CVS Caremark pulling tobacco products - a public health game-changer
Mar 02, 2014 | 335 views | 0 0 comments | 1 1 recommendations | email to a friend | print

Dear Editor:

For the past 30 years, I've fought for lung health with the American Lung Association. Our organization has been a leader in the battle against tobacco, which is the leading cause of preventable illness and death in the U.S. Over the years, this battle has experienced dramatic highs and disappointing lows. CVS Caremark’s recent announcement that they will no longer sell tobacco products at CVS/pharmacy locations represents a great milestone in efforts to move toward becoming a healthier, smokefree nation.

CVS Caremark took a bold step in making the health and well-being of current and future customers and employees a top priority. We at the American Lung Association commend the company’s leaders for their decision and urge more retailers to follow CVS Caremark’s brave lead, and help eliminate tobacco-caused deaths and disease by pulling tobacco products from their own shelves

Reducing access to tobacco is an important first step, but we also need to support those who are actively trying to quit. There are approximately 43 million American smokers. Of those, 70 percent - or 30 million individuals - want to quit.
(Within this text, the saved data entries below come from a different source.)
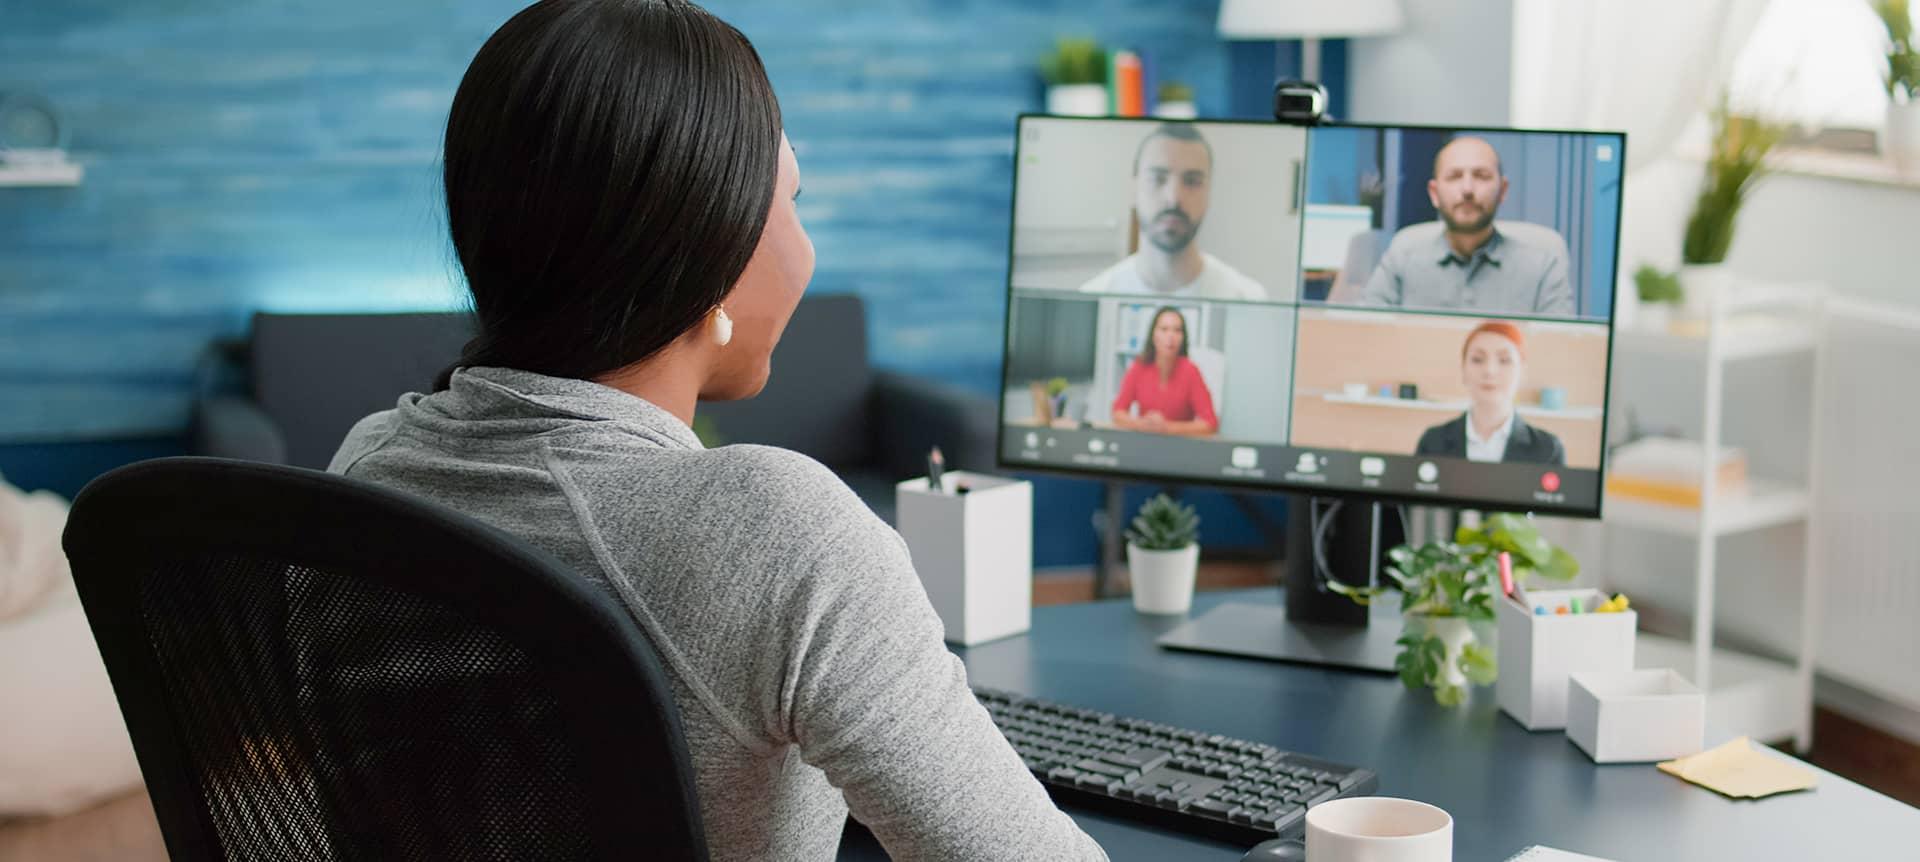 Recruiter conducting a video assessment interview
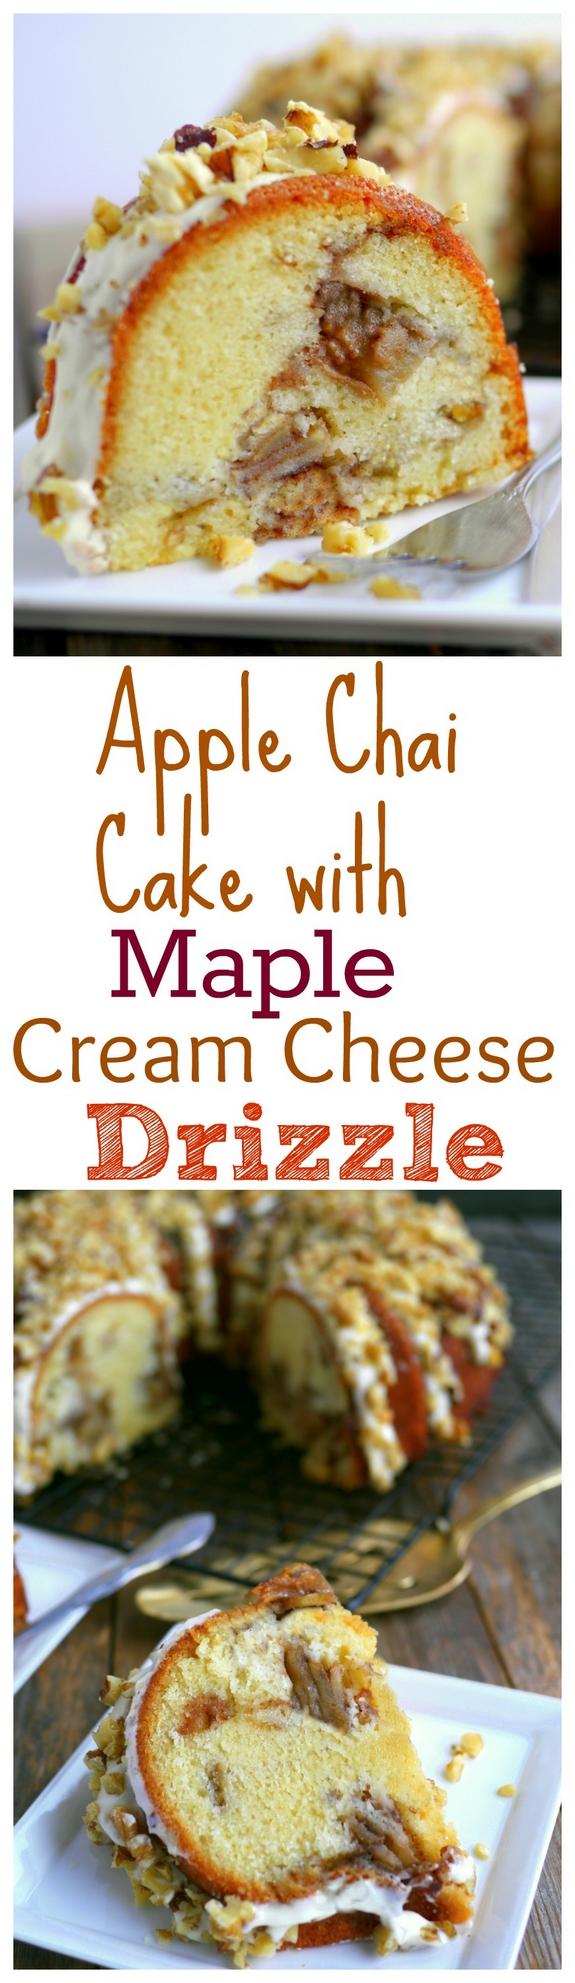 Noble Apple Cake
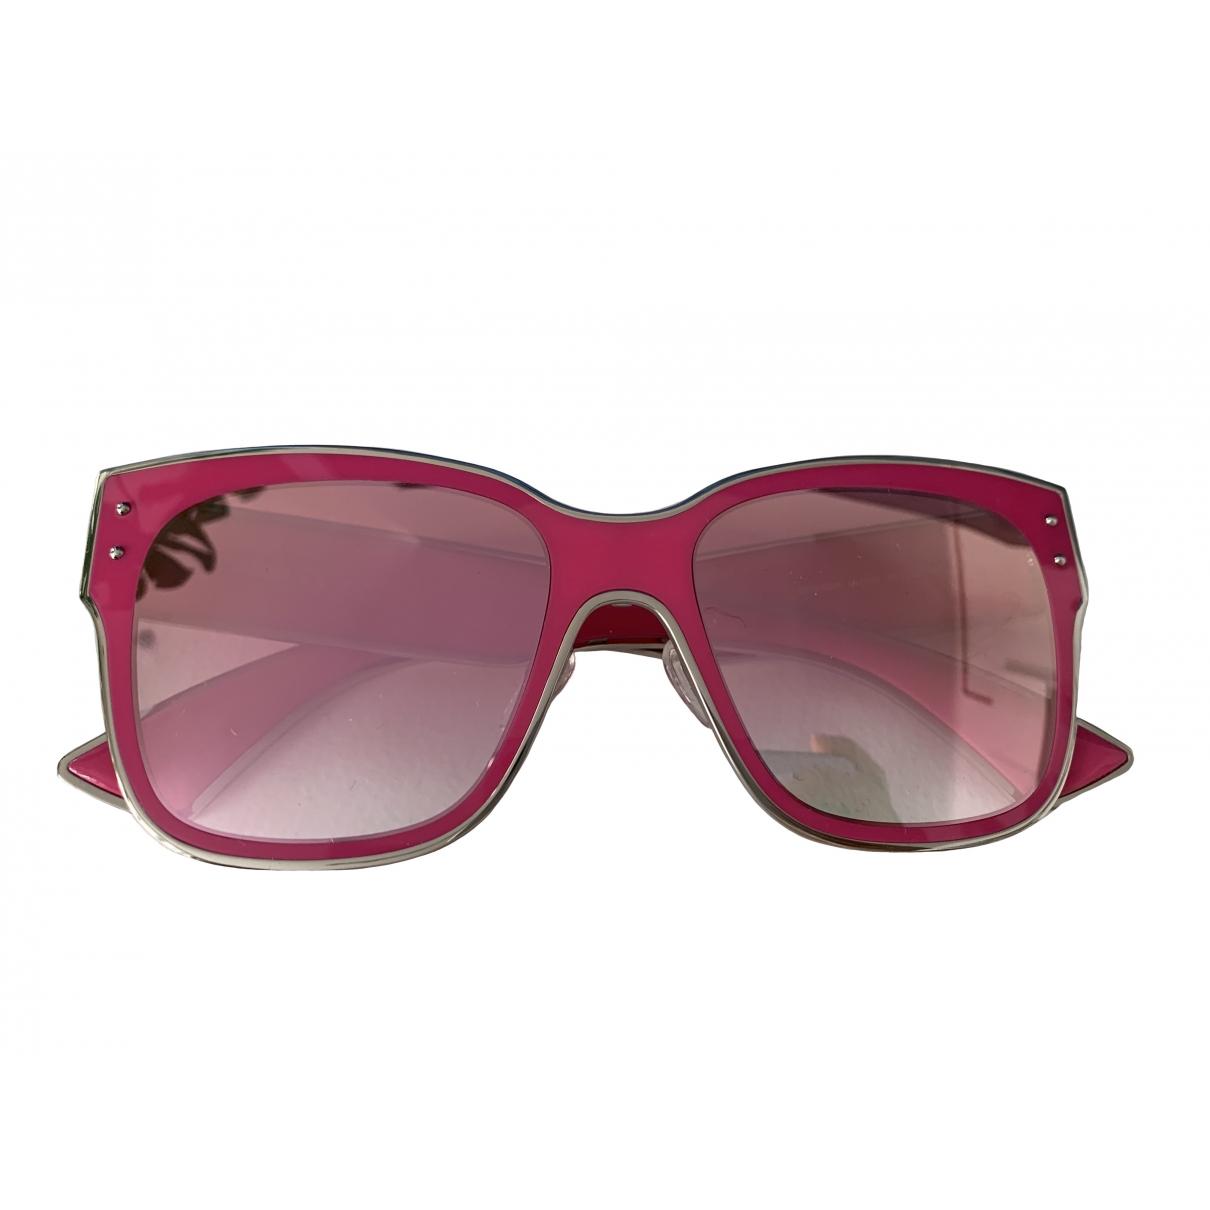 Moschino - Lunettes   pour femme en metal - rose
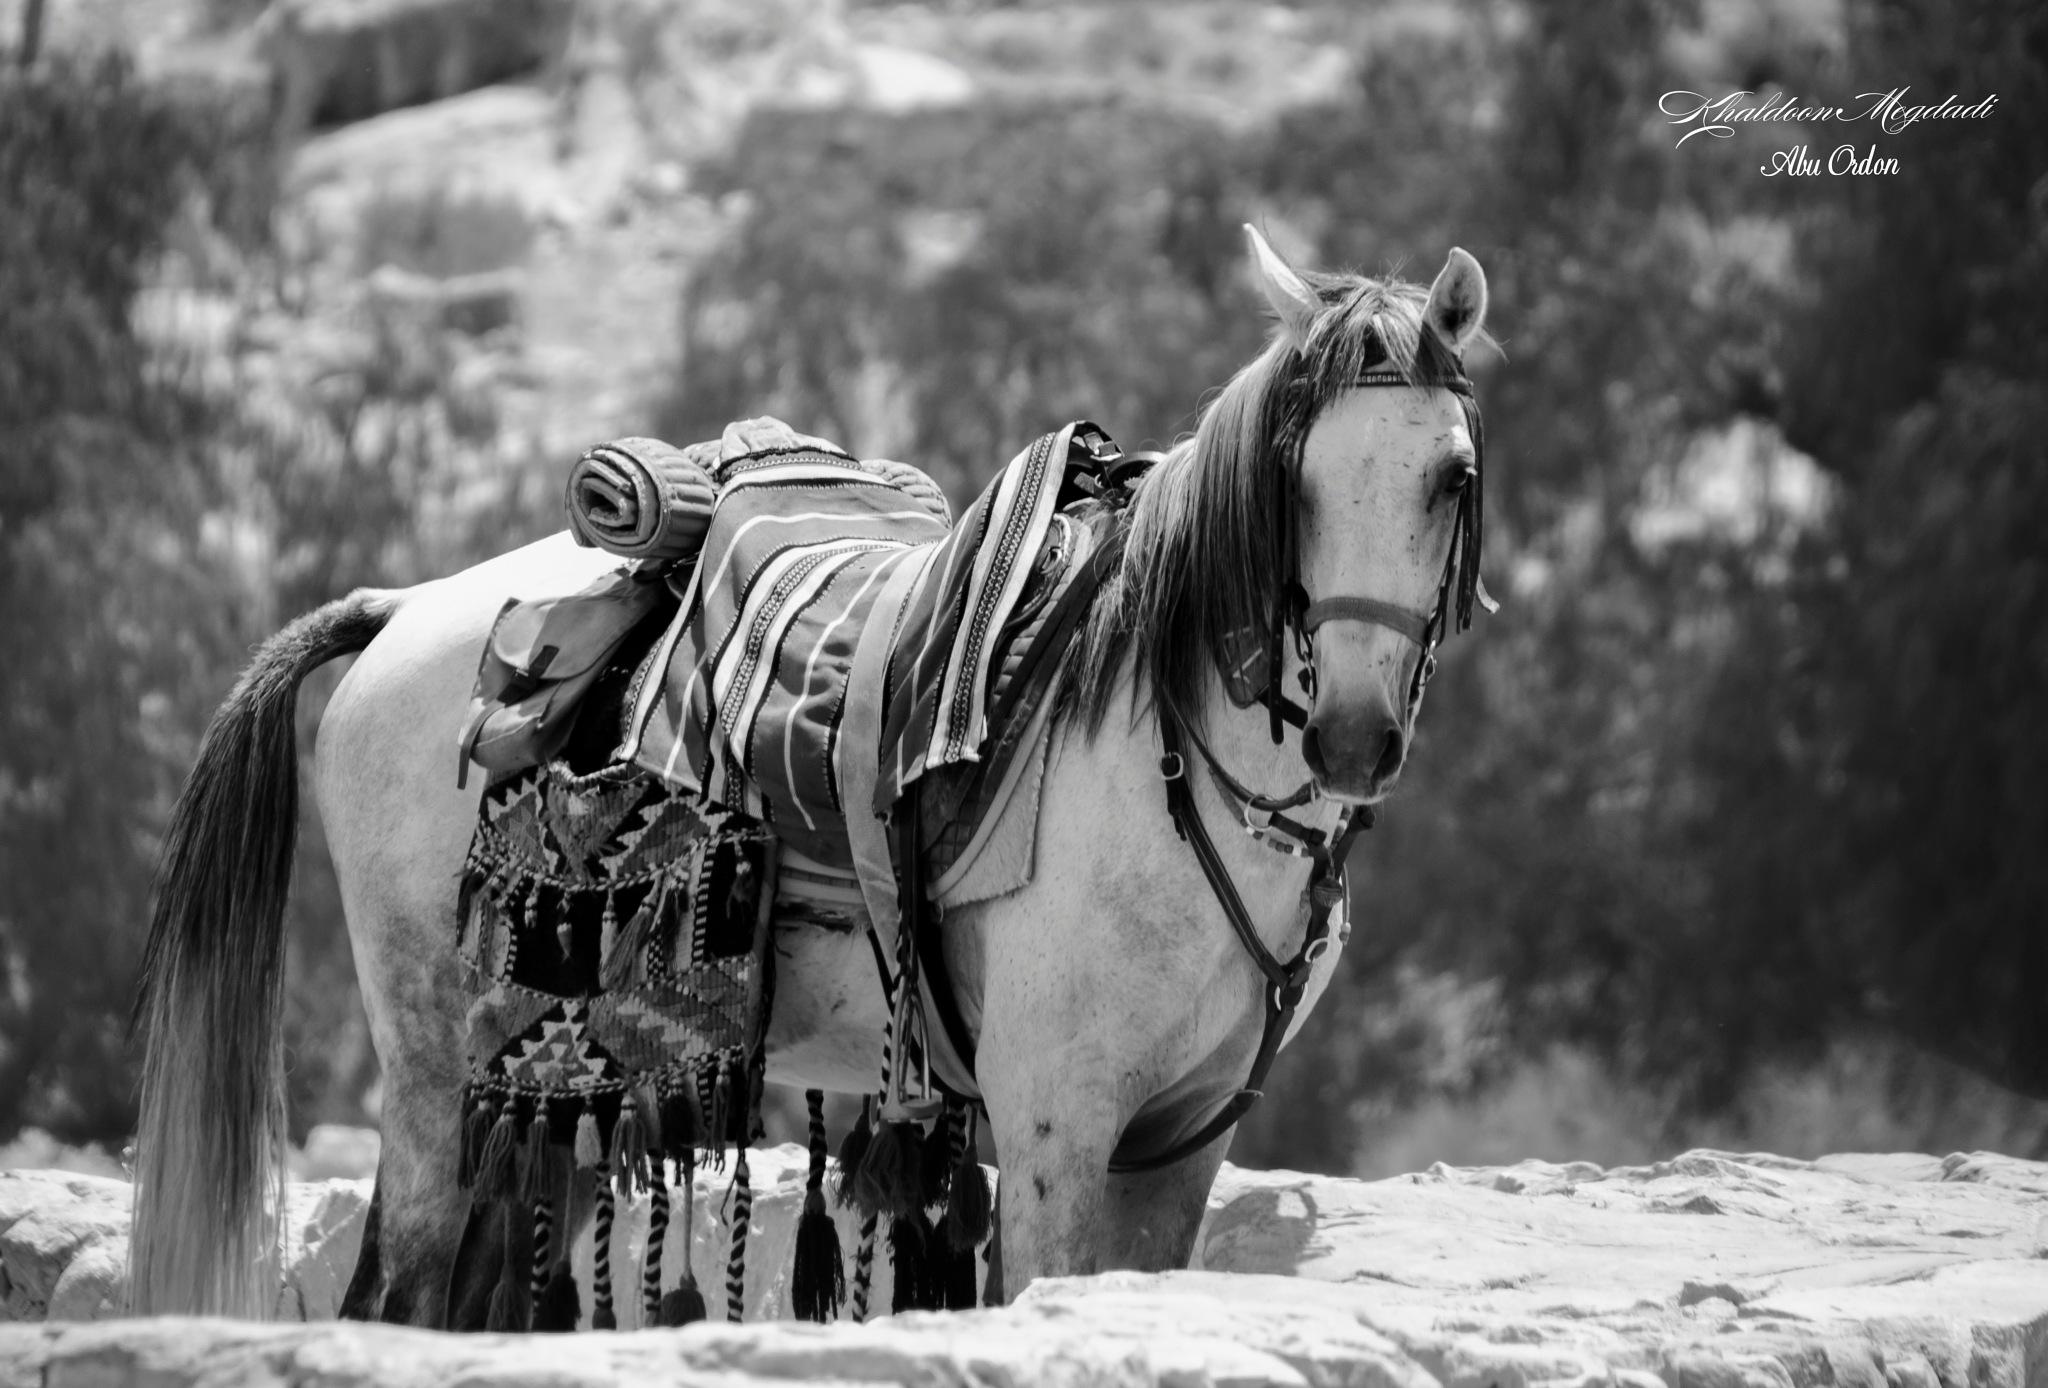 a horse by Abu Ordon

Comprehensive quit-smoking programs like the Lung Association's Quitter in You program (http://www.quitterinyou.org/), coupled with a decision like CVS's, can help us move toward a generation that will not be defined by smoking-related illnesses like lung cancer and chronic obstructive pulmonary disease (COPD).

You can help! Sign our online pledge (http://bit.ly/1moYG20), and help the American Lung Association end the tobacco epidemic by:

• preventing kids from starting to smoke,

• helping smokers quit and

• protecting everyone from the dangers of secondhand smoke.

You can also do your part by patronizing retailers like CVS who put public health first.

Working together, we can create America’s first tobacco-free generation and help make tobacco history.